Inventory source common format

To simplify development, most plugins use a mostly standard configuration file as the inventory source, YAML based and with just one required field plugin which should contain the name of the plugin that is expected to consume the file. Depending on other common features used, other fields might be needed, but each plugin can also add its own custom options as needed. For example, if you use the integrated caching, cache_plugin, cache_timeout and other cache related fields could be present.

The 'auto' plugin

Since Ansible 2.5, we include the auto inventory plugin <auto_inventory> enabled by default, which itself just loads other plugins if they use the common YAML configuration format that specifies a plugin field that matches an inventory plugin name, this makes it easier to use your plugin w/o having to update configurations.

Inventory scripts

Even though we now have inventory plugins, we still support inventory scripts, not only for backwards compatibility but also to allow users to leverage other programming languages.

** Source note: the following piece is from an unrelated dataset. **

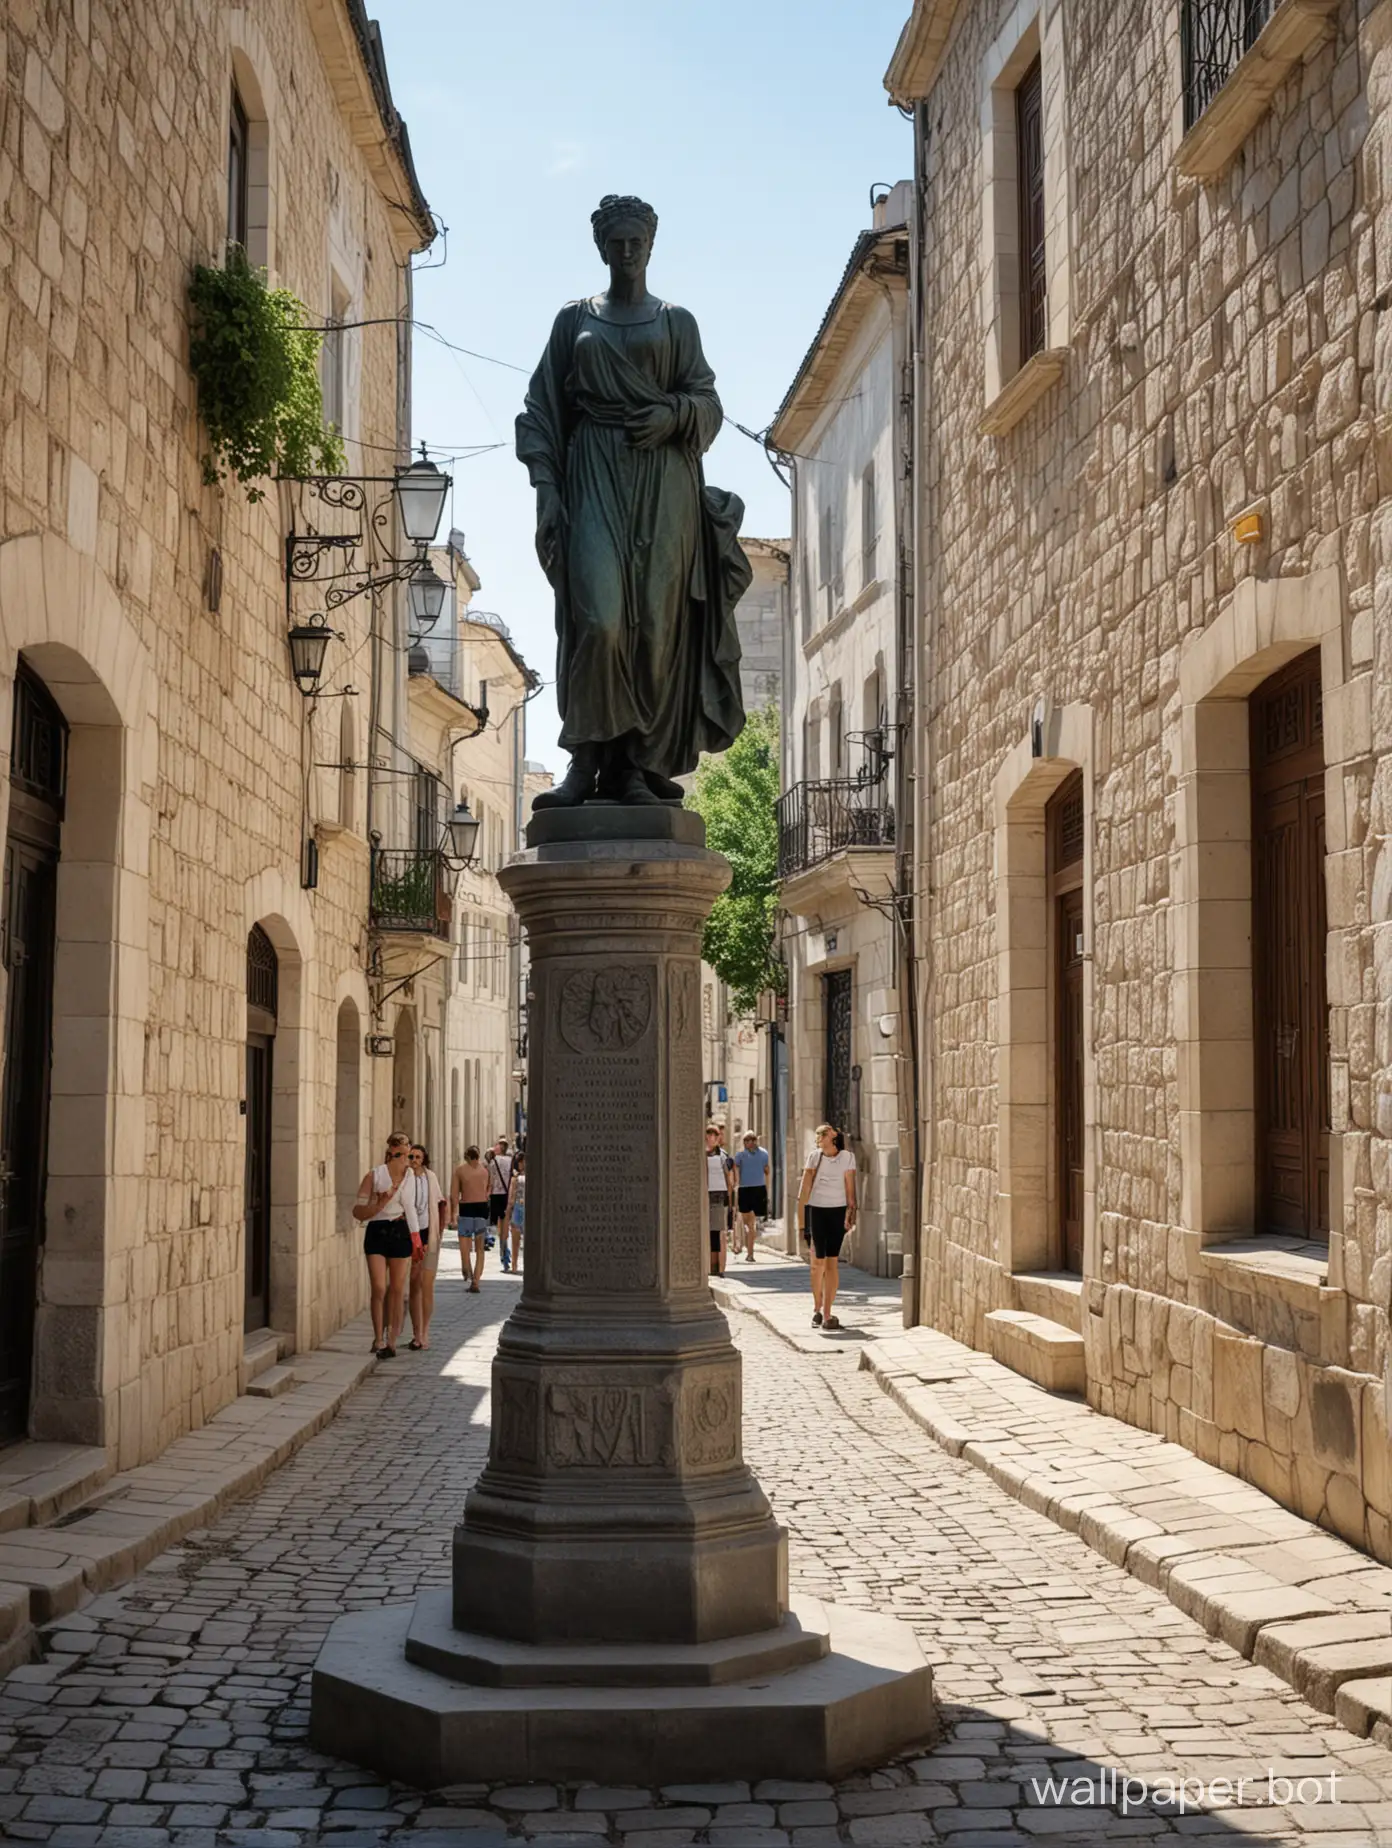 Summer-Scene-in-Crimea-Old-Town-Street-with-Monument-and-Locals

Inventory script conventions

Inventory scripts must accept the --list and --host <hostname> arguments, other arguments are allowed but Ansible will not use them. They might still be useful for when executing the scripts directly.

When the script is called with the single argument --list, the script must output to stdout a JSON-encoded hash or dictionary containing all of the groups to be managed. Each group's value should be either a hash or dictionary containing a list of each host, any child groups, and potential group variables, or simply a list of hosts:

{
    "group001": {
        "hosts": ["host001", "host002"],
        "vars": {
            "var1": true
        },
        "children": ["group002"]
    },
    "group002": {
        "hosts": ["host003","host004"],
        "vars": {
            "var2": 500
        },
        "children":[]
    }

}

If any of the elements of a group are empty they may be omitted from the output.

When called with the argument --host <hostname> (where <hostname> is a host from above), the script must print either an empty JSON hash/dictionary, or a hash/dictionary of variables to make available to templates and playbooks. For example:

{
    "VAR001": "VALUE",
    "VAR002": "VALUE",
}

Printing variables is optional. If the script does not do this, it should print an empty hash or dictionary.

Tuning the external inventory script

1.3

The stock inventory script system detailed above works for all versions of Ansible, but calling --host for every host can be rather inefficient, especially if it involves API calls to a remote subsystem.

To avoid this inefficiency, if the inventory script returns a top level element called "_meta", it is possible to return all of the host variables in one script execution. When this meta element contains a value for "hostvars", the inventory script will not be invoked with --host for each host. This results in a significant performance increase for large numbers of hosts.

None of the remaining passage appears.